Outu-u (or, as he corrects me, ou-TOO) is from one of the smaller moons back at Trellsi, and says he was a miner there until the Oeli hunters started passing through our system looking for recruits. Lethal work; fewer than sixty percent of any given mining crew survive the job past a decade. Though in one sense we lived close to each other, his dialect is so odd I miss a good deal of the conversation—something about an industrial oversight that stranded two work colonies, where they seem to have made their own society for years. I told him about my youth on the inner planets, feeling hopelessly inadequate; all my dreams of adventure have been only that, dreams. But the moonie, instead of despising my inexperience, patted my neck and smiled.
Though I took it as a kindness, it was a disquieting gesture.
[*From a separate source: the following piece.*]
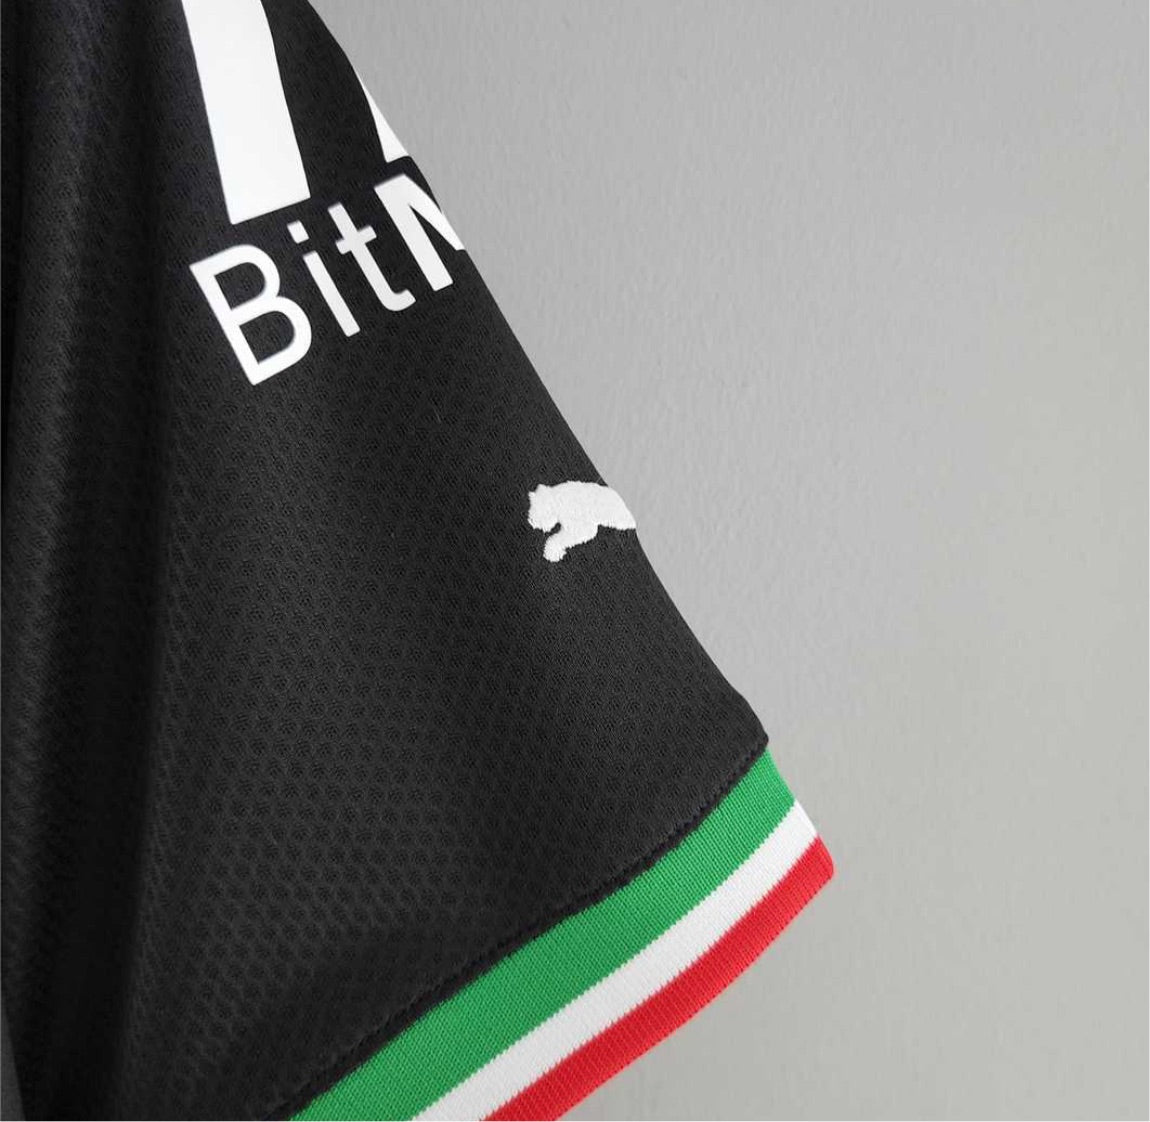 Zlatan Ibrahimović A.C Milan  2022/2023 Soccer Home Puma Player Jersey - Black

His teeth were filed down to points.
I woke from a fitful sleep only an hour later with the mate with the purple radiation scars putting his hands under my shirt. When I tried to fight, he forced himself into the coffin and on top of me in such a way as to bend my spine backward. I cried out, but the man cut off my breathing with thick, black-tipped fingers, sticking the things right in my mouth. The next I knew he was off of me and Outu-u was beating his head fiercely against the desk. Elijah Blood started sending flashes up through the floor to record the transgression, but the moonie only laughed.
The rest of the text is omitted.